The ΔE was as follows, indicating that the colored polymer of the present invention exhibited excellent light resistance. ΔE Light resistance of colored polymer of the present invention 7.8 Light resistance of dye 22.2 Comparative example 3 An aqueous polymer solution with a solution viscosity of 27 cps was obtained by carrying out the same procedure as in Example 4 except that 45.5 g of acrylonitrile was used instead of acrylamide. . The evaporation residue of this aqueous solution at 110℃ is 21.2%
It was hot. Analysis of sulfur in the purified polymer showed that the polymerization rate of the monomer was over 99%. A colored polymer aqueous solution obtained by dyeing using the dye shown in Example 4 under the same conditions was applied to Kent paper and dried, and a light resistance test was conducted.

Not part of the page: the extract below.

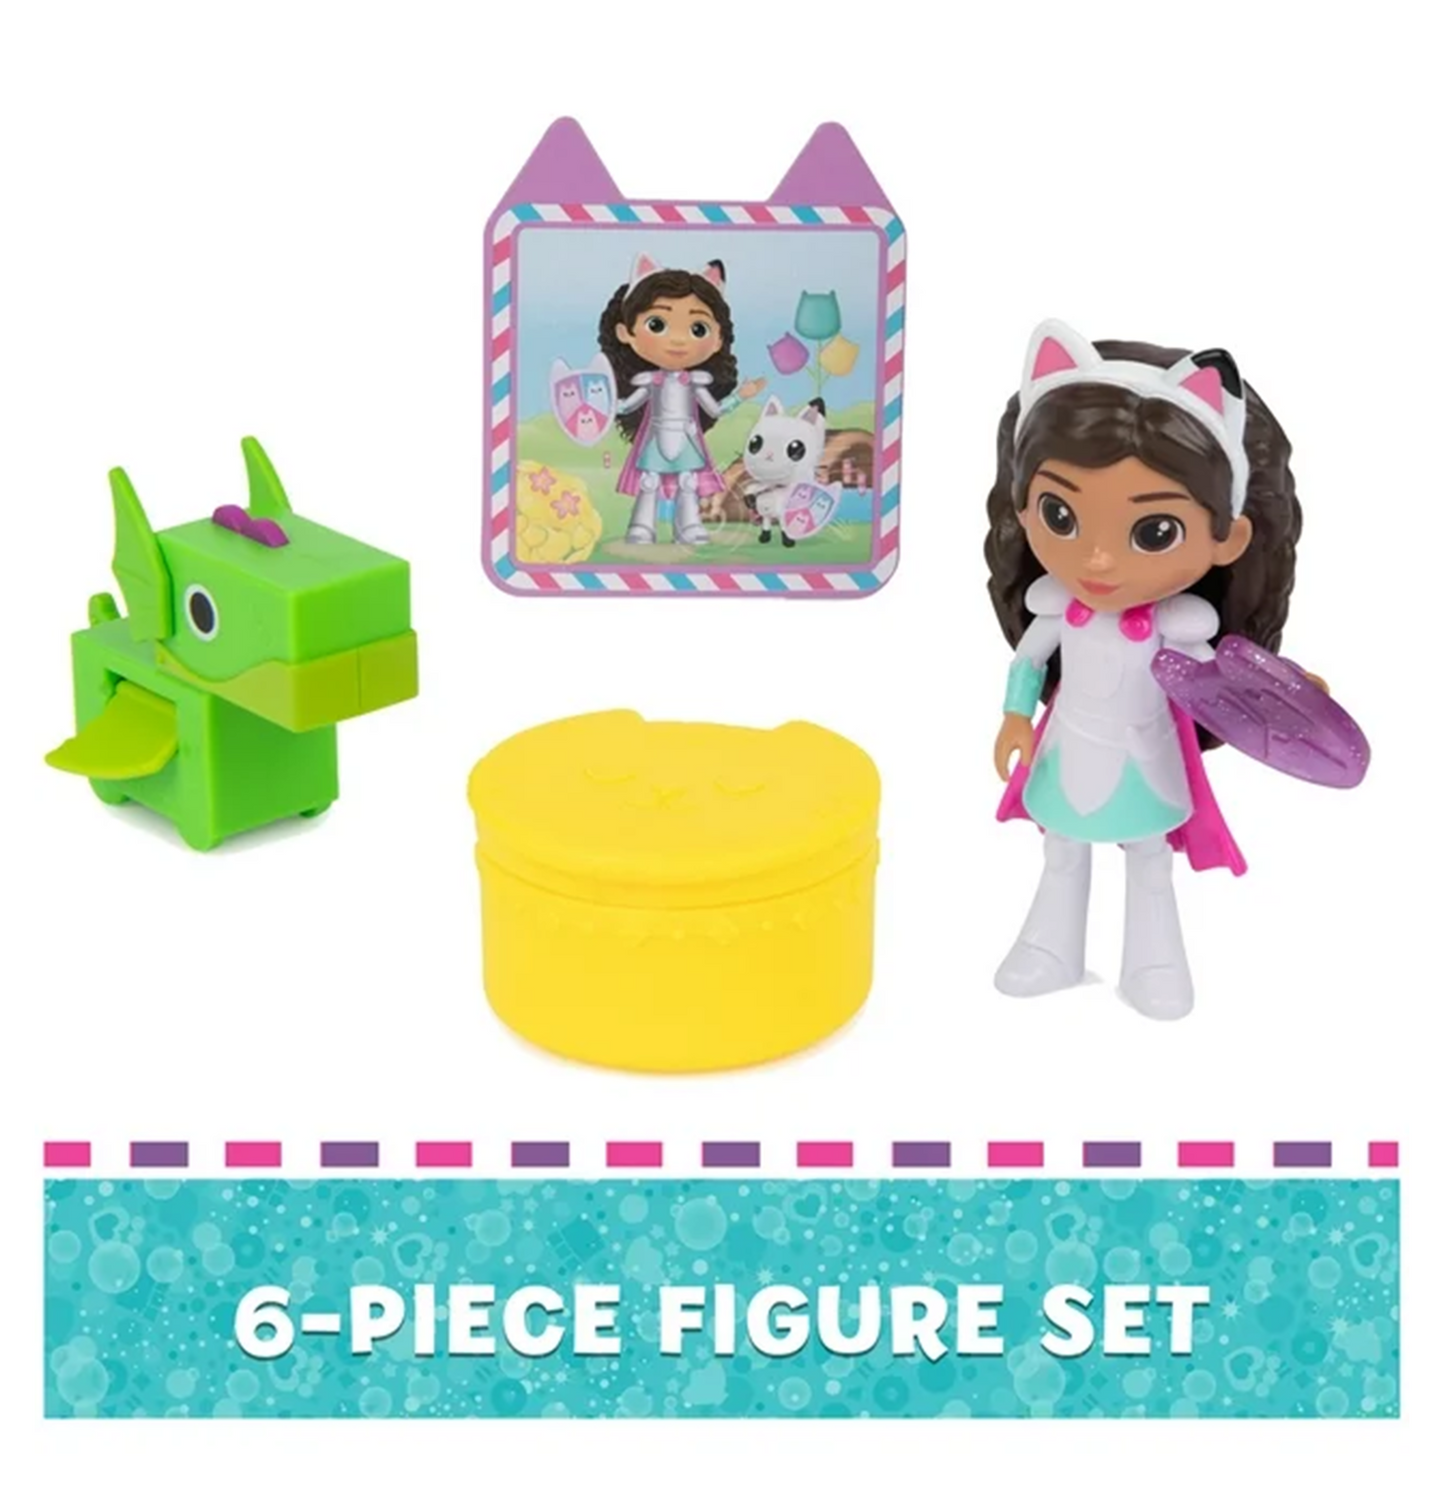 Gabby’s Dollhouse, Gabby the Brave and Dragon 3.4-inch Figure Set

ΔE was 31.7. Comparative Example 4 25g of water was charged into a polymerization flask purged with nitrogen.
The temperature was raised to 90°C while stirring under a nitrogen stream. In this polymerization flask, a monomer aqueous solution prepared by dissolving 122 g of spinomer NaSS (sodium p-styrene sulfonate, purity 82.0%, manufactured by Toyo Soda Kogyo Co., Ltd.) in 300 g of water and 7.5 g of ammonium persulfate were added to 75 g of water.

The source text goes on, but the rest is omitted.